Bir dilin proto dil (ön dil) coğrafyasından uzaklaşması, uzun süre izole kalması veya dışarıdan gelenlerin diliyle genişlemesi gibi faktörler dilsel çeşitliliğin başlıca nedenleri olabilir. Bir zamanlar akraba dilleri konuşan topluluklar birkaç kuşak sonra birbirlerini anlayamaz hale geldiklerinde dilde çeşitlenme kendiliğinden ortaya çıkmış olur.

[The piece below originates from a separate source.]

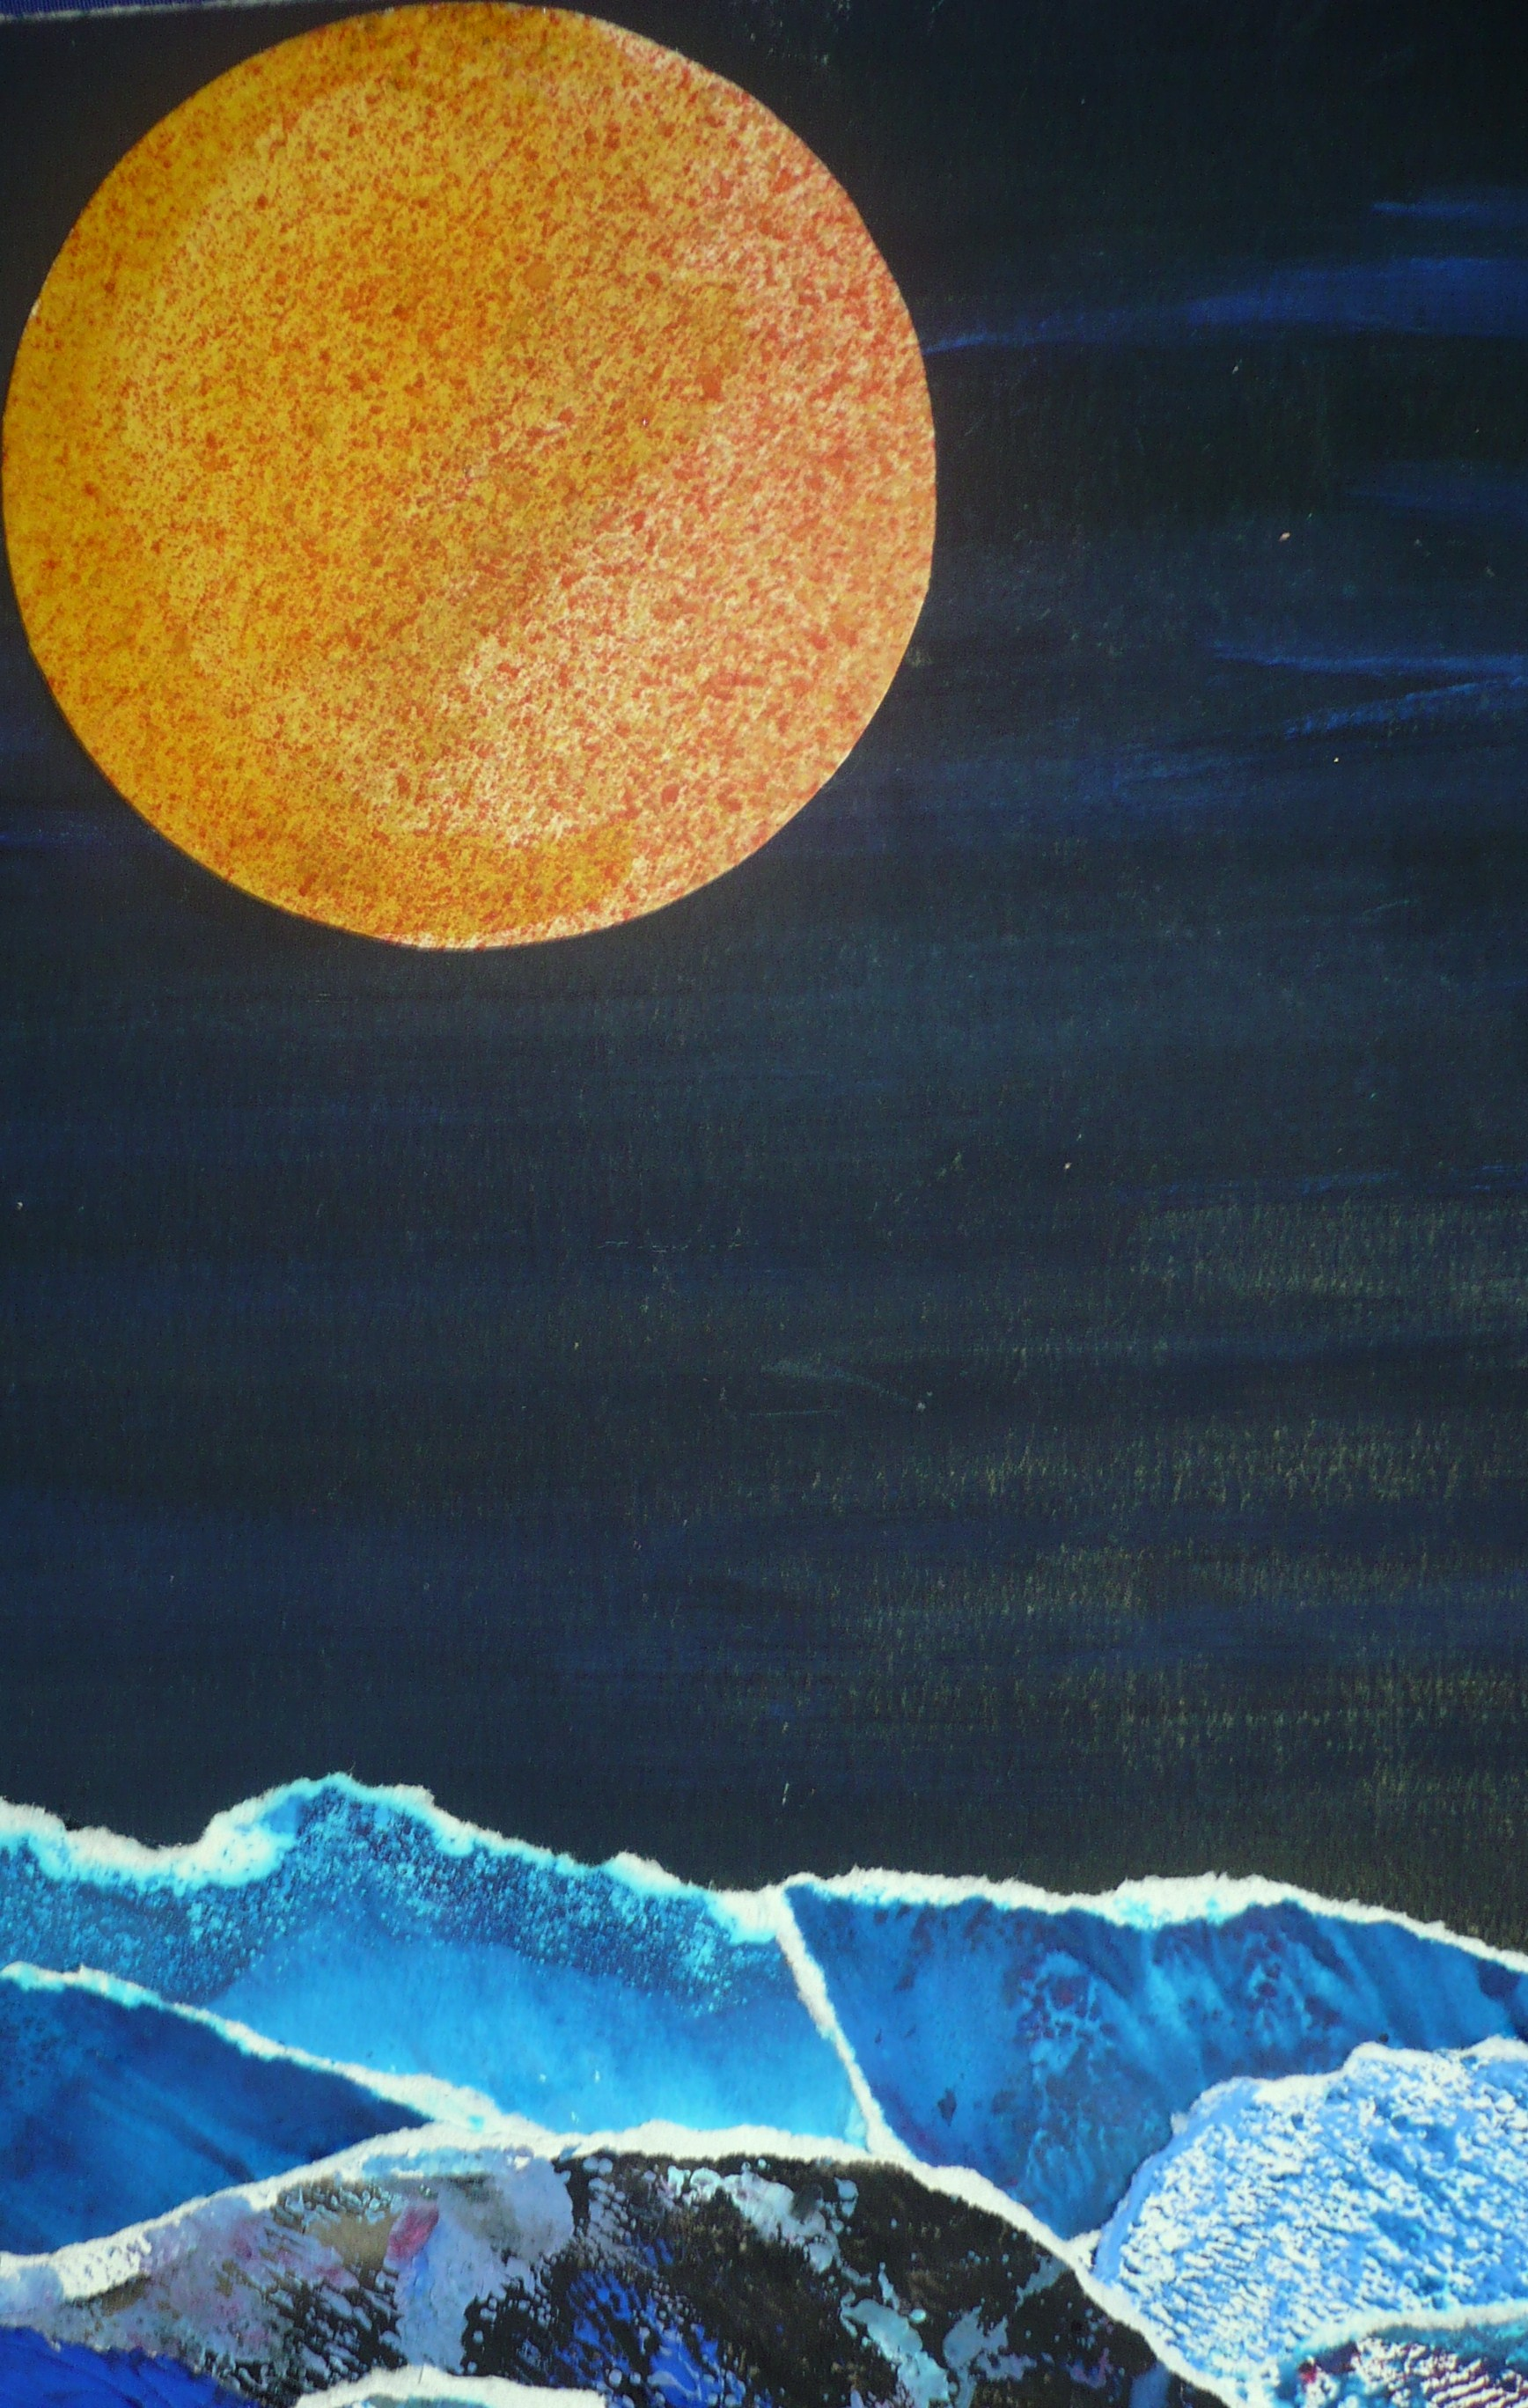 mandala-lune-003.JPG

Geçmişte dilsel çeşitlenmenin böyle ortaya çıktığını, örneğin Mançu-Tunguzca ile Türkiye Türkçesinin türleşmeye karşın hâlâ Altay dil ailesi içinde yer alması gerçeğinde görmekteyiz. Farsça ile Almancanın ya da Hintçe ile İsveççenin fiziksel ayrışmaya karşın aynı makro aile içinde listelenmeleri başka bir örnektir. Bu diller bugün artık coğrafi anlamda uzaktır ama soydaşlığı kanıtlanan kök bağları vardır.
Olağan yaşam alanından uzaklaşan gruplar, aynı zamanda akraba dil topluluklarından da uzaklaşıyordu. Böylelikle bir yandan ana dil ile etkileşimin azalması, diğer yandan başka dillerle etkileşimin artmasıyla ayrışma gerçekleşiyordu. Neticede nüfusun çeşitlenmesine paralel olarak, sözcüklerin kullanımı ve söylenişinde de çeşitlenme görülmesi doğaldır.
Göç toplulukları aşılmaz dağlara, geniş nehirlere veya denizlere ulaştığında, uzun süre fiziksel ve kültürel olarak izole kalmışlardır. Bask dili izole diller bakımından en ilginç örneklerden biridir. Bir topluluk ne kadar izole kalırsa ya da tersine ne kadar çok dilsel öğeyi ödünç alırsa, yapısal özellikleri o kadar farklılaşır, melezleşir ve ön dille soy ilişkisini açıklamak o kadar zorlaşır.
Tarım devrimiyle birlikte kolektif ve yerleşik hayata geçişin bazı avantajları olduğu kesin. İnsanlar artık yiyecek aramıyor, diğer etkinliklere zaman ayırabiliyorlardı. Ancak bulaşıcı hastalıklar gibi dezavantajları da vardı. Salgınlar ve diğer zorlayıcı tehditler nedeniyle Neolitik Çağ’da insan göçünün aslında durmadığı anlaşılıyor.
21. yüzyılda da milyonlarca insanın göçmen olmak zorunda kaldığına tanık oluyoruz. Göçmenler nereden gelirse gelsin, ev sahibi ülkede kültürel yaşama entegre olmalarını sağlayacak anahtar dildir. Göçmenlerin dili ile ev sahibi ülkenin dili arasındaki etkileşim, diğer tüm etkilerden bağımsız olarak gerçekleşir. Öyle olmasaydı, bugün hiçbir Alman dönerin ne anlama geldiğini bilmezdi.